** Opening The data block **
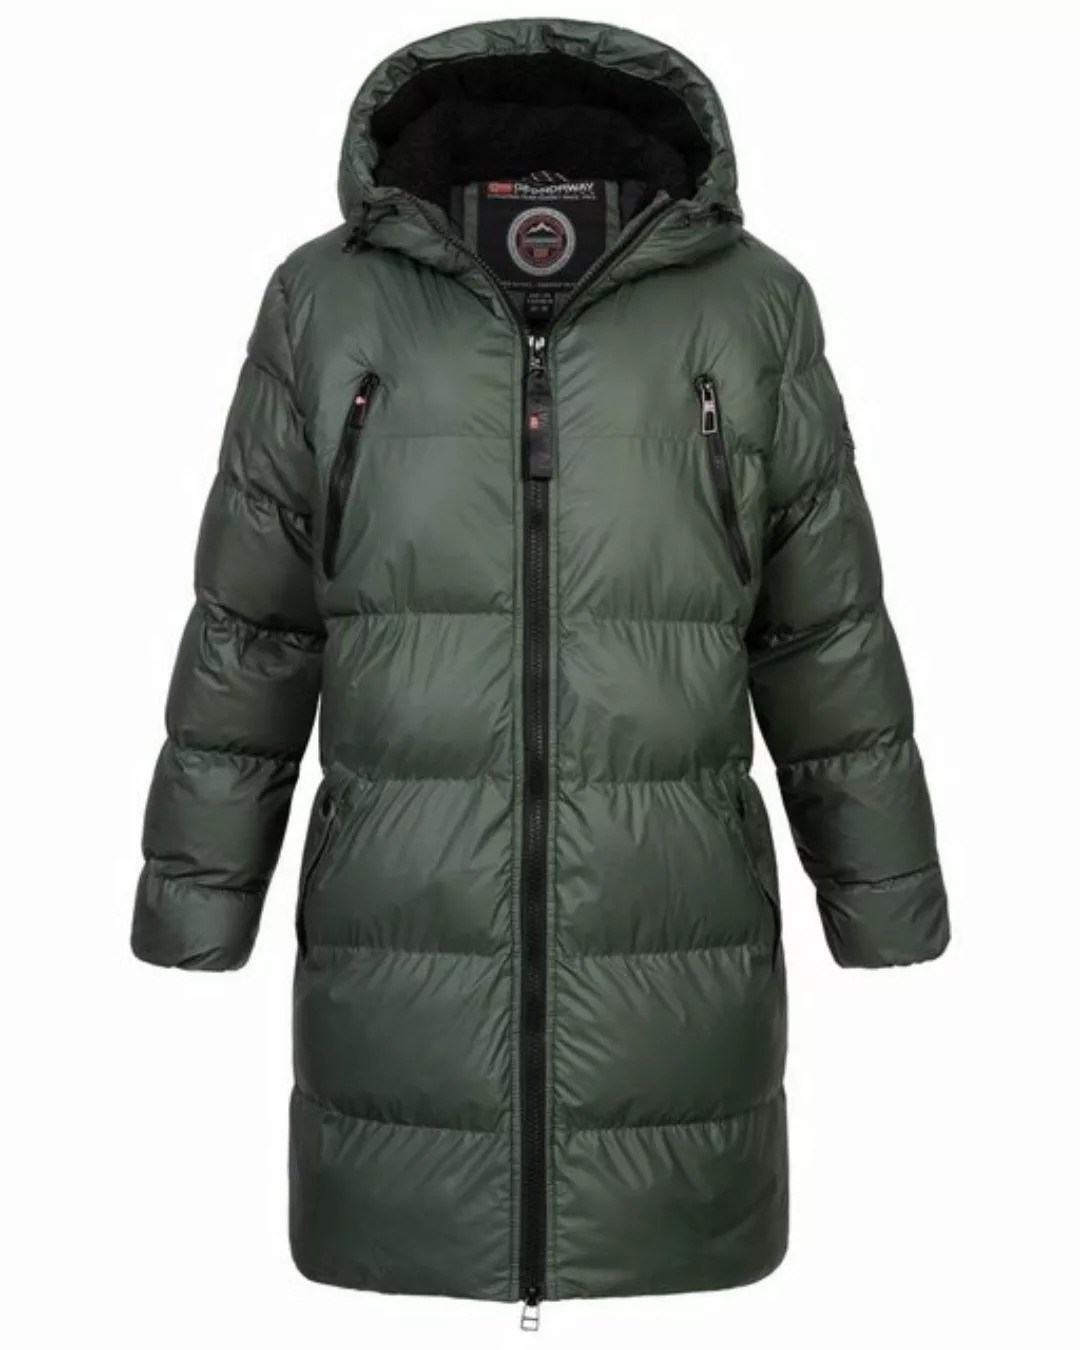 Geographical Norway Steppjacke Damen Winter Jacke Mantel Parka Steppjacke S günstig online kaufen
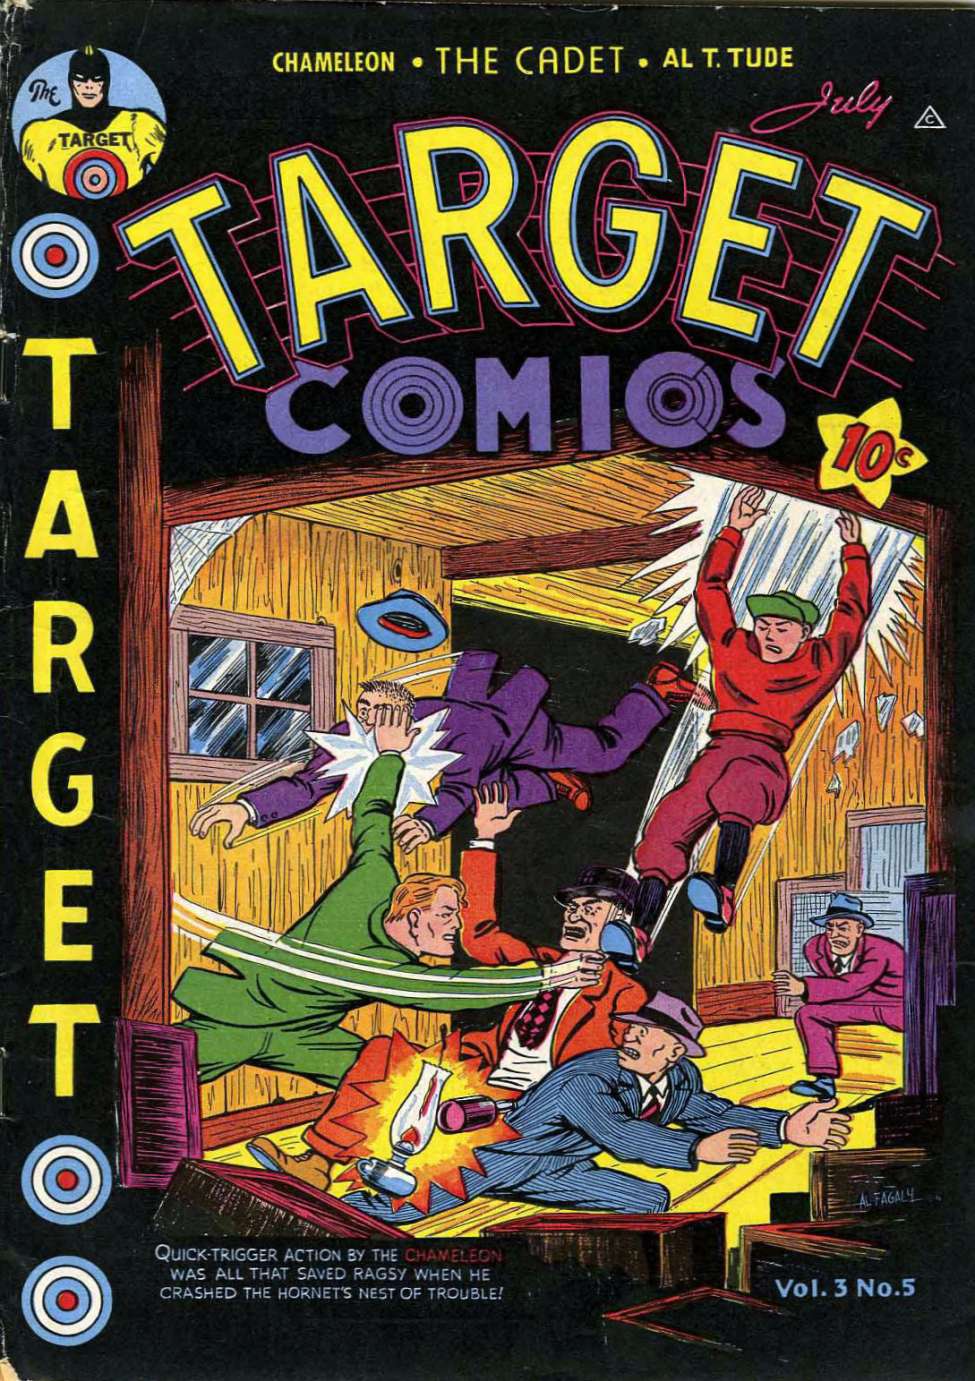 Comic Book Cover For Target Comics v3 5
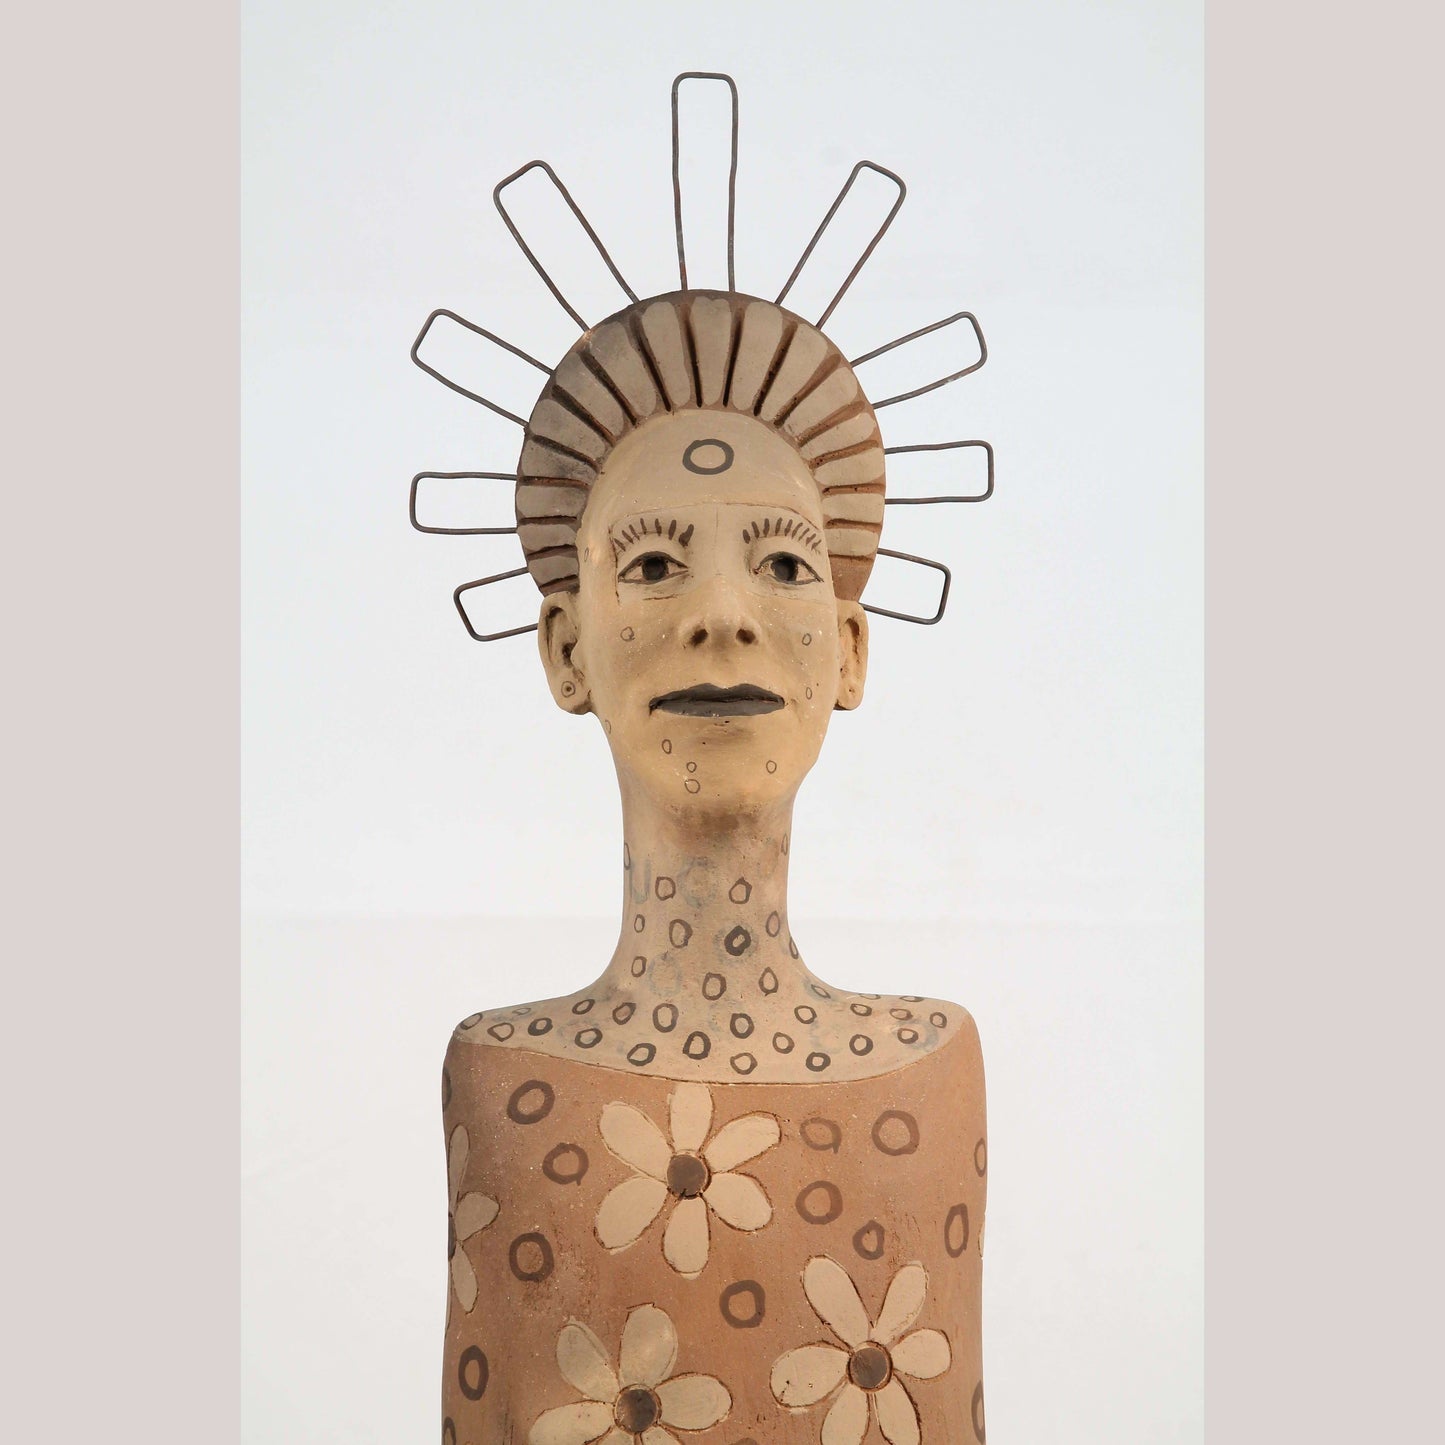 X-Lg Female Ceramic/Pottery Sculpture Mexican Fine Folk Art Collectible Décor #3
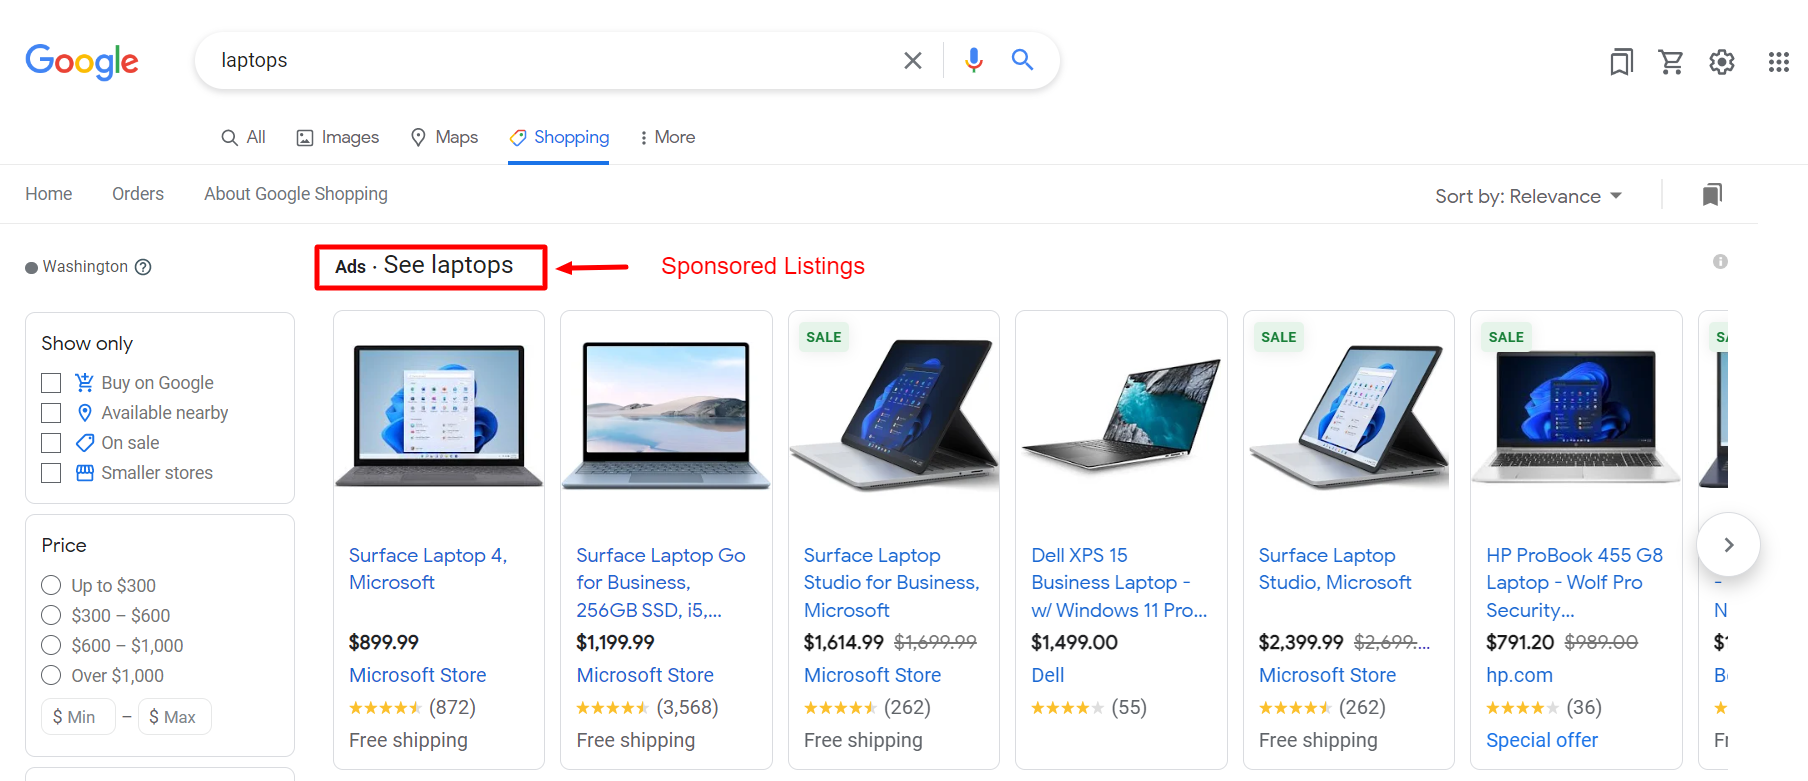 Sponsored Listings - Free listings across Google surfaces
** Closing The data block **
• [Work instructions] In the printed copy, the material above must appear unchanged and without its pictures.

• [Solution below]
 Geographical Norway Steppjacke Damen Winter Jacke Mantel Parka Steppjacke S günstig online kaufen
 Comic Book Cover For Target Comics v3 5
 X-Lg Female Ceramic/Pottery Sculpture Mexican Fine Folk Art Collectible Décor #3
 Sponsored Listings - Free listings across Google surfaces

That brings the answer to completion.